At the start, ten years ago, SG workshops were producing little more than CAD spirals with arrays, or unravelling curved glazing schedules. Today’s teams were designing complex vaulted structures, 3D printing them, then assisting an artisan fabricate the form, while using 3D scanning technology to compare the built form against the original design. SmartGeometry and the technology we have at our fingertips has come a long, long way.

smartgeometry.org


Bentley turns to the cloud for simulation

Event sponsor Bentley Systems previewed a new technology that uses Generative Components and cloud-based simulation to explore hundreds of design iterations.

Santanu Das, Bentley’s senior vice-president for design and modelling, explained how studies have shown that most designs only undergo a few iterations. Time spent modelling and remodelling, setting up simulations, and processing bottlenecks are the big barriers to evaluating more alternatives.

Those wanting to do an acoustical analysis, heat analysis or a solar insulation analysis, for example, do not want to have to remodel every single time, explained Mr Das “[The model] should be smart enough to self describe itself and prepare itself for that type of simulation.”

Simulation is traditionally used for design verification, but Bentley sees a big opportunity for it to be deployed throughout the entire design process, using early stage conceptual models from the very beginning. The results aren’t spot on, but according to Das, you can get a big ‘red, yellow, green’ to find out where you are with your solar exposure, line of sight or shadows.

As the model progresses it should be able to be self-aware and provide feedback on how it is handling the different analytics it is exposed to, he said.

Simulation should not be a serial process of build > analyse > modify and then analyse again, emphasised Mr Das. “It should be integrated and it should be in real time and with Bentley’s cloud technologies this is all now possible.”

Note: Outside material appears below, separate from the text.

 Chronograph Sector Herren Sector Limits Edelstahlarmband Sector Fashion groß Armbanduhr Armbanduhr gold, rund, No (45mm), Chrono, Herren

Mr Das was clear that the technology is not just about using the cloud to run more simulations. “You have to make the analytics talk to each other,” he said. “It’s what we call multi-disciplinary optimisations: the output of structural should influence the input of energy. The output of energy should influence the input of acoustics. We can’t work in silos anymore,” he stressed.

The technology is also about the automatic generation of the different analysis models, which Bentley calls scenario management.

“Using Bentley’s scenario management with our Generative Components we can optimise and automatically generate those models for you — by you giving the constraints and what kind of patterns that you want,” said Mr Das. “All of those models are created and uploaded onto our cloud and you can see we’ve designed them in real time and we compare them against many different scenarios.”

Mr Das gave an example where the system generated tens of options, but presented the results in such a way that they were easy to assess. In theory this could lead to 100s if not 1,000s of scenarios, helping make a building more efficient, both in terms of performance and cost.

To handle all the processing, Bentley has partnered with Microsoft and is using its Azure platform. The technology is not just reliant on multi-threaded CPUs though: Bentley showed a slide highlighting GPU compute using Nvidia CUDA.

Bentley’s cloud-based simulation technology will be launched later this year.